■ **WORK TO BE COMPLETED**: Write every line of the material again exactly, with no pictures in the copy.

■ **SUPPLIED DATA**:
*-*-*
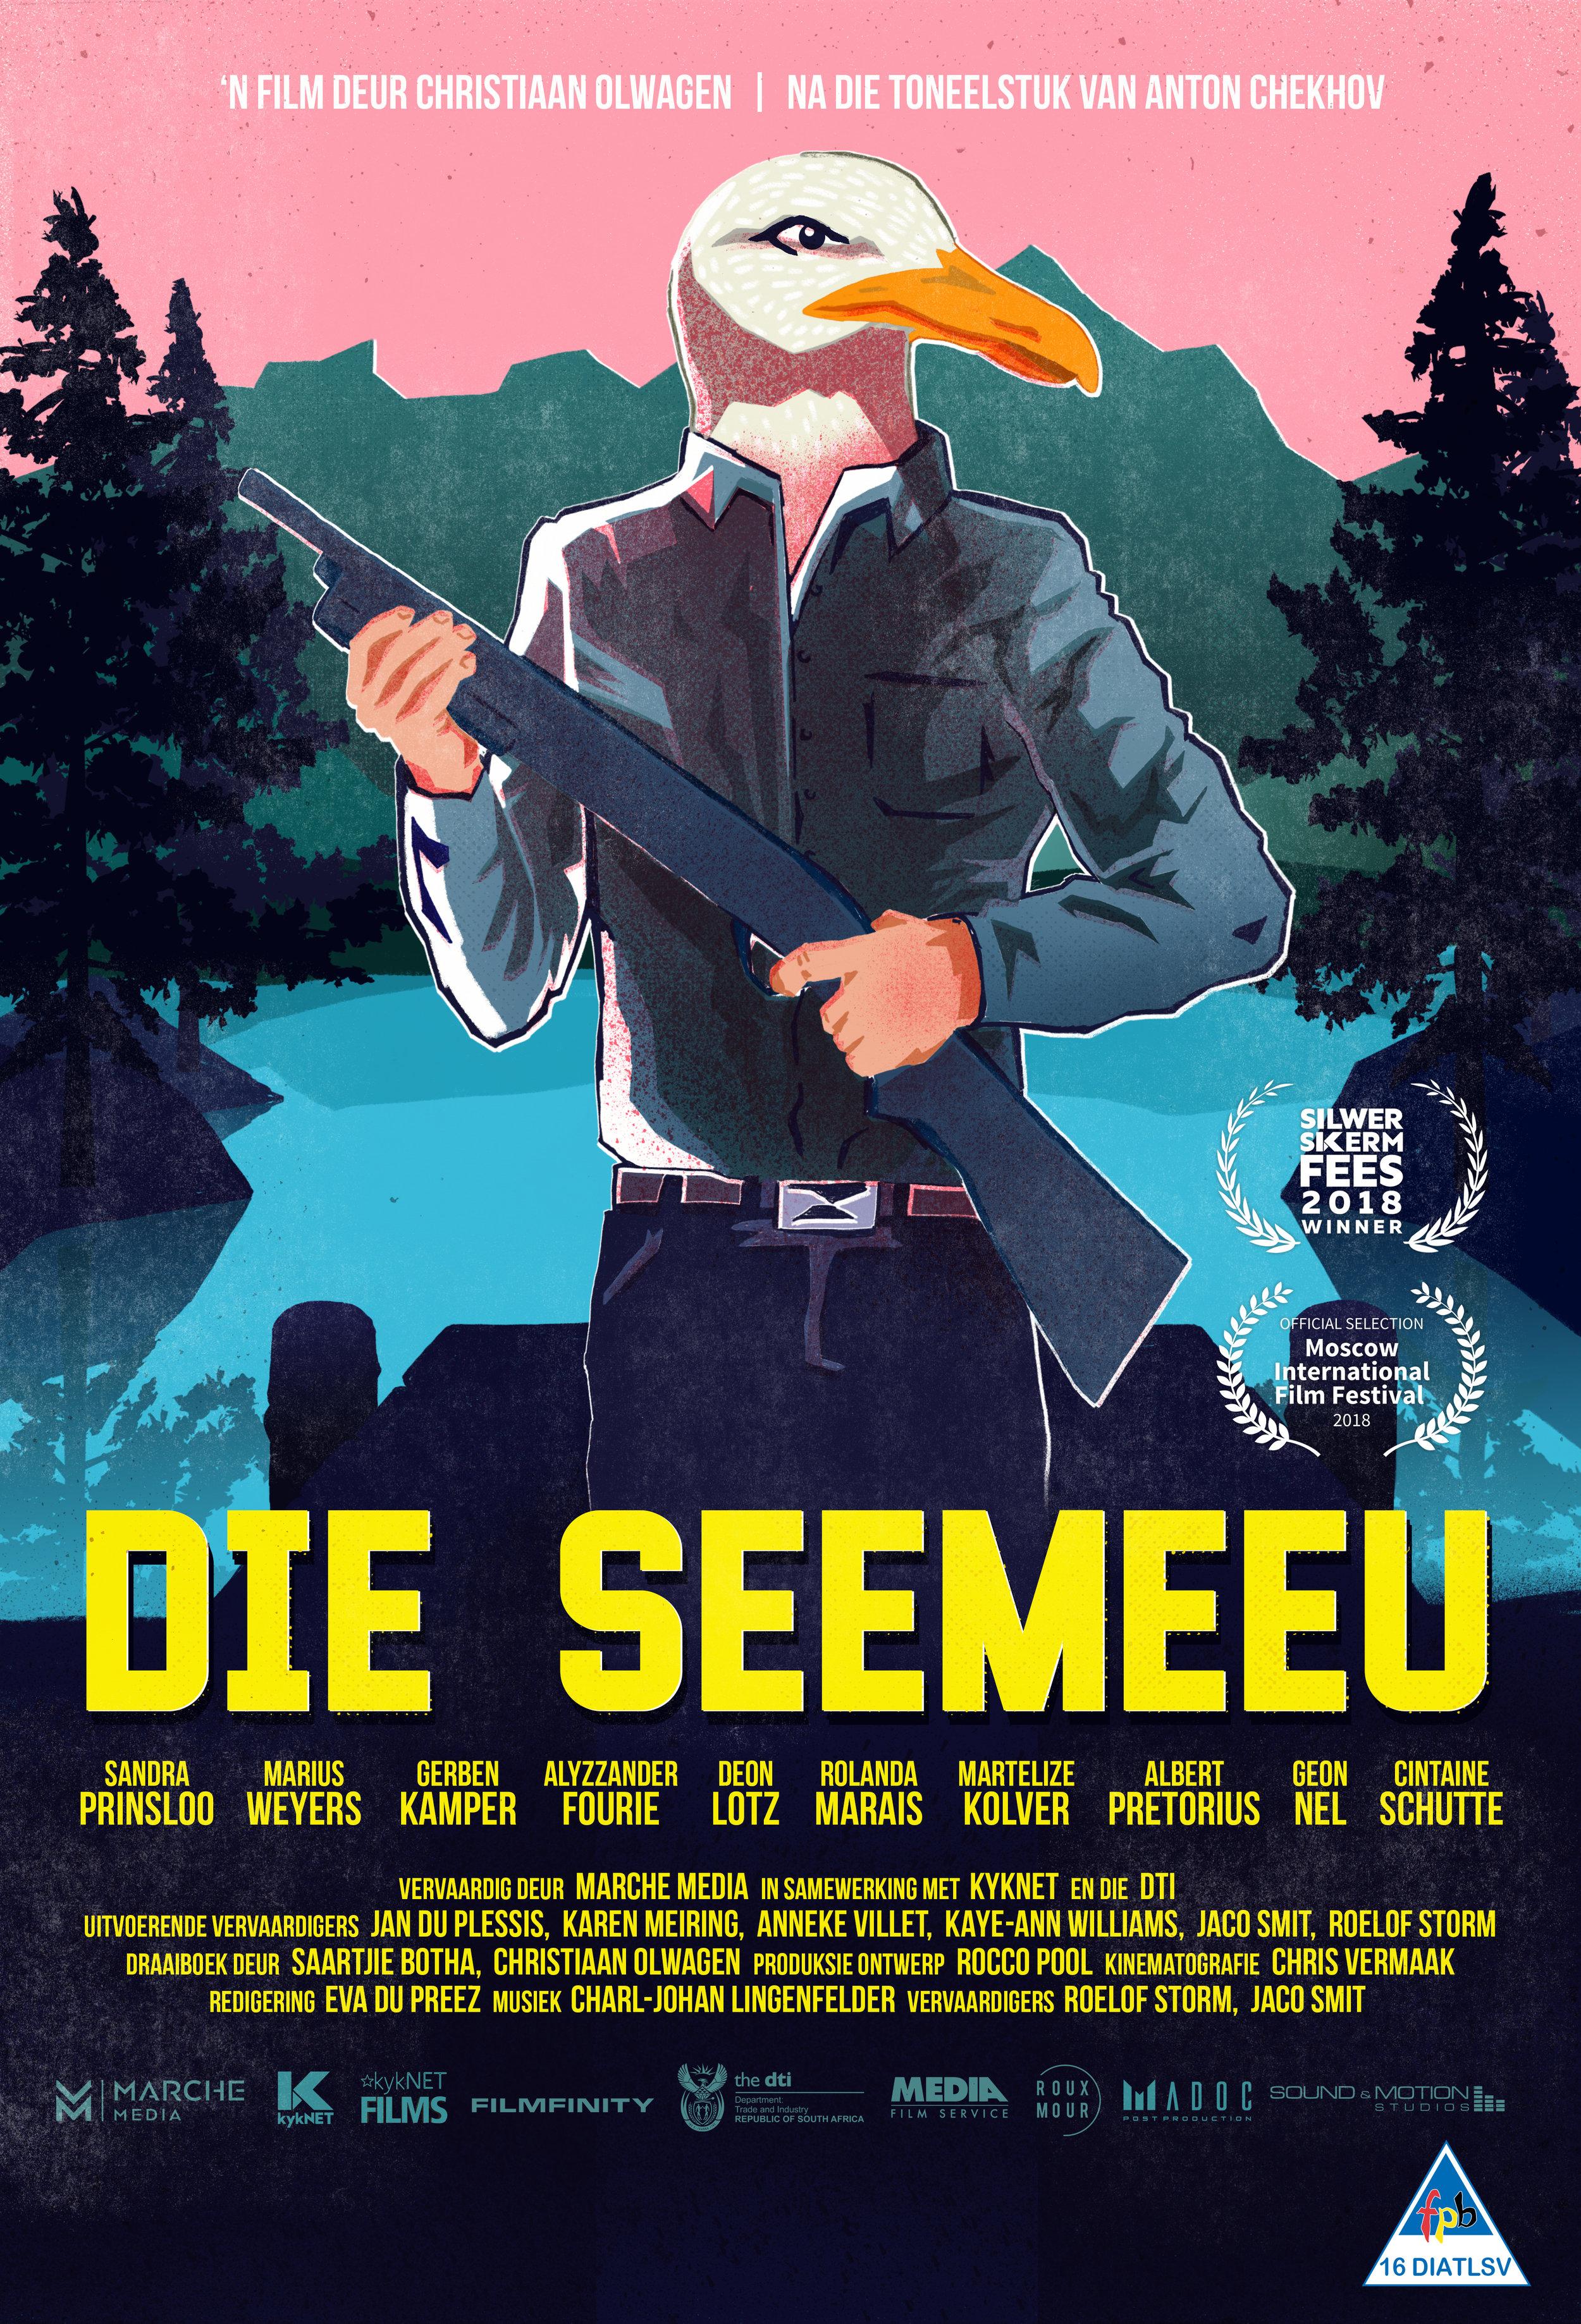 SEEMEEU-2018-poster-v3-no-frame.jpg
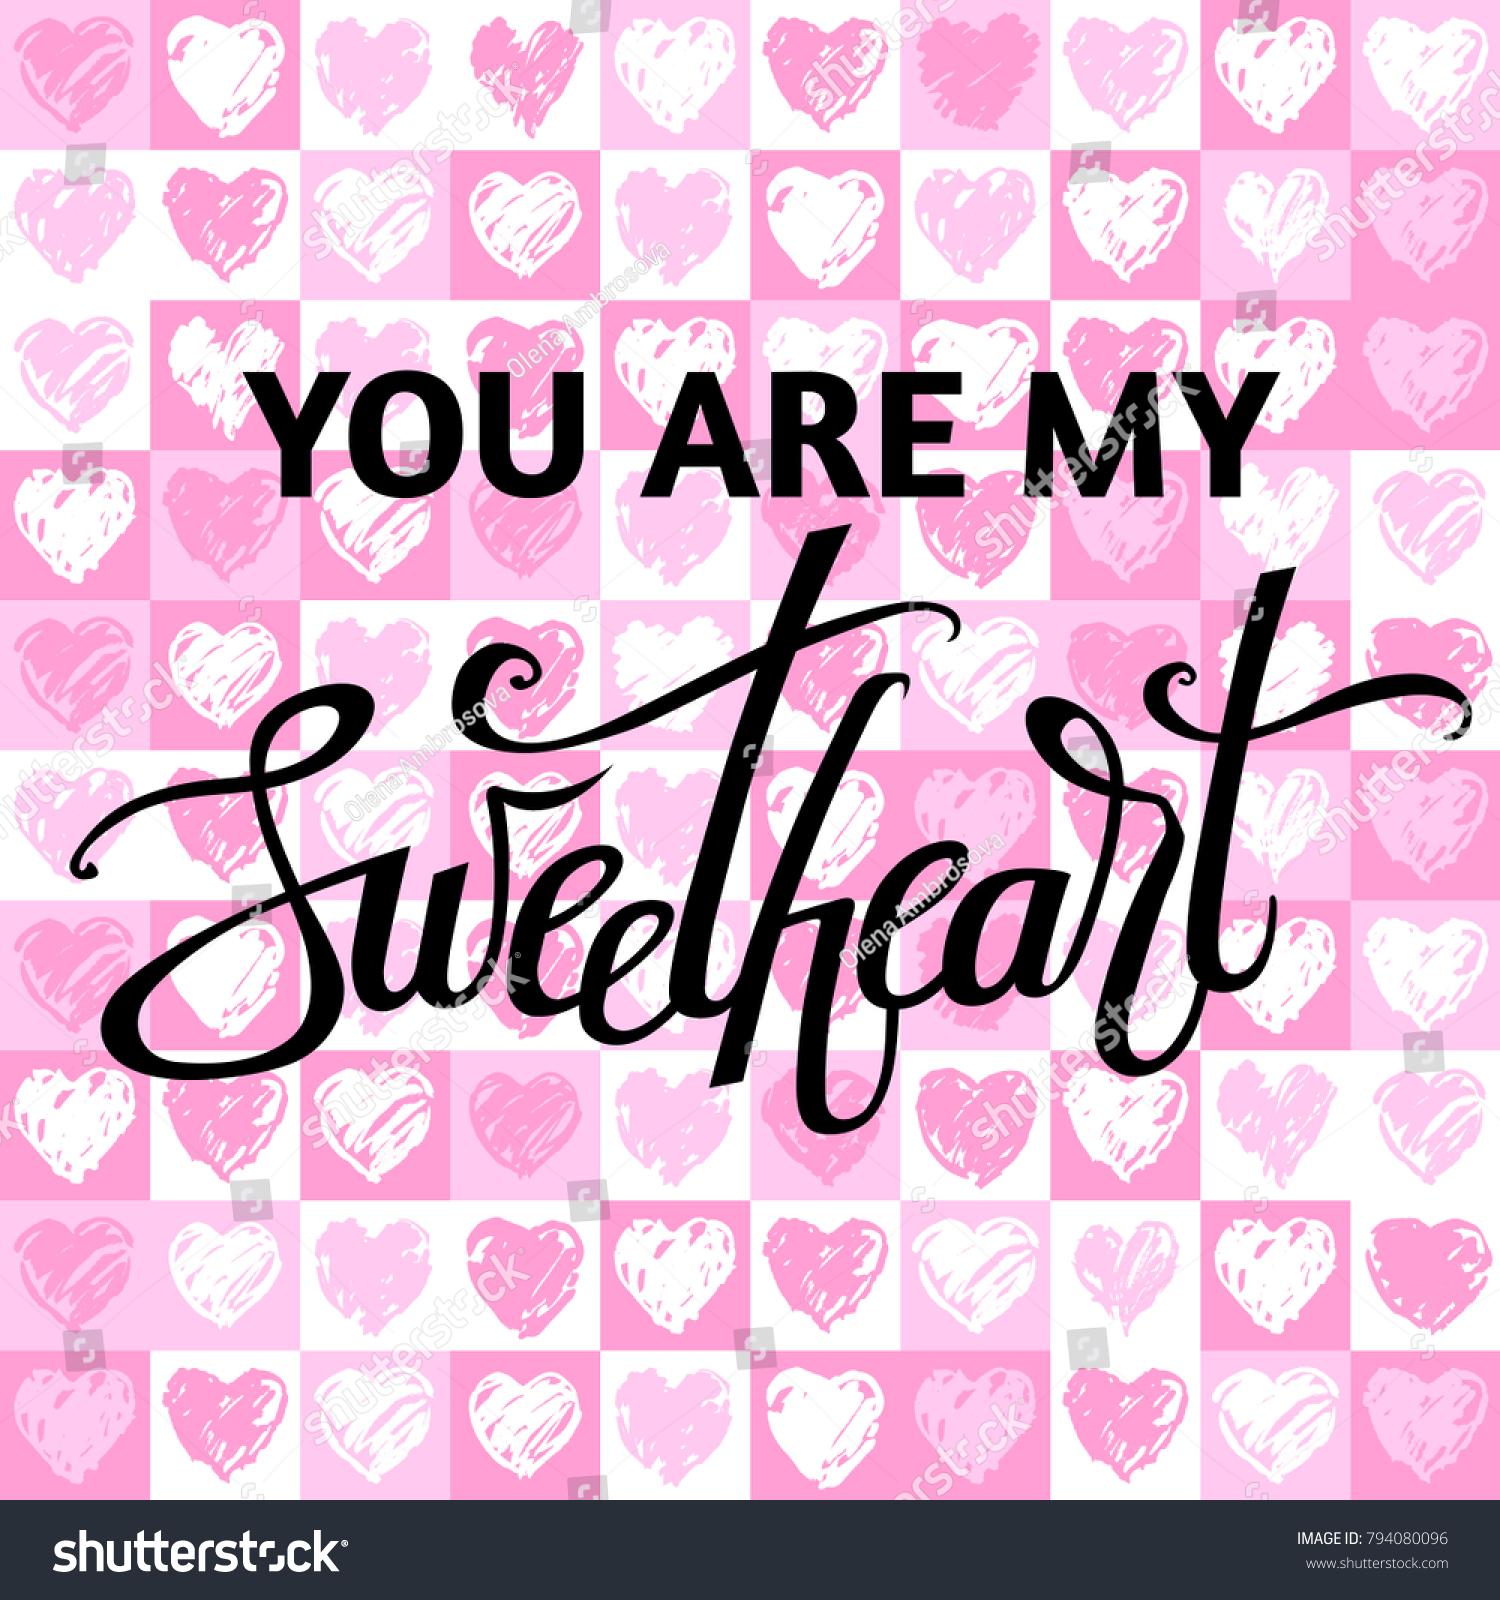 Vector Image Valentines Day Sweetheart Lettering Stock-Vektorgrafik ...
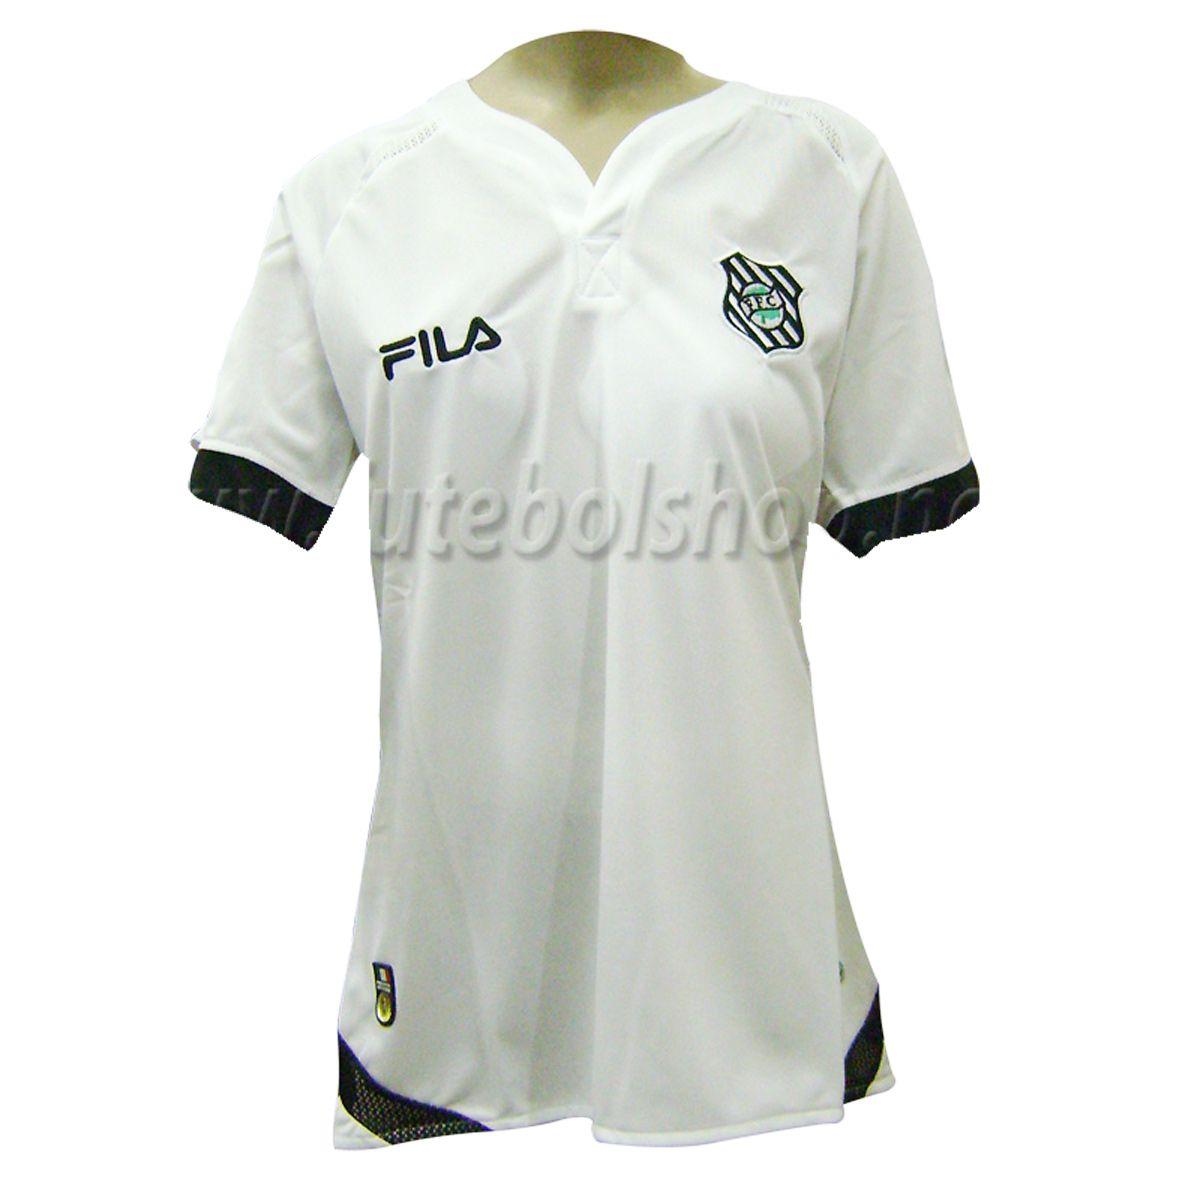 Camisa do Figueirense Feminina 2010 - 354881
*-*-*
■ **ANSWER SECTION**:
 SEEMEEU-2018-poster-v3-no-frame.jpg
 Vector Image Valentines Day Sweetheart Lettering Stock-Vektorgrafik ...
 Camisa do Figueirense Feminina 2010 - 354881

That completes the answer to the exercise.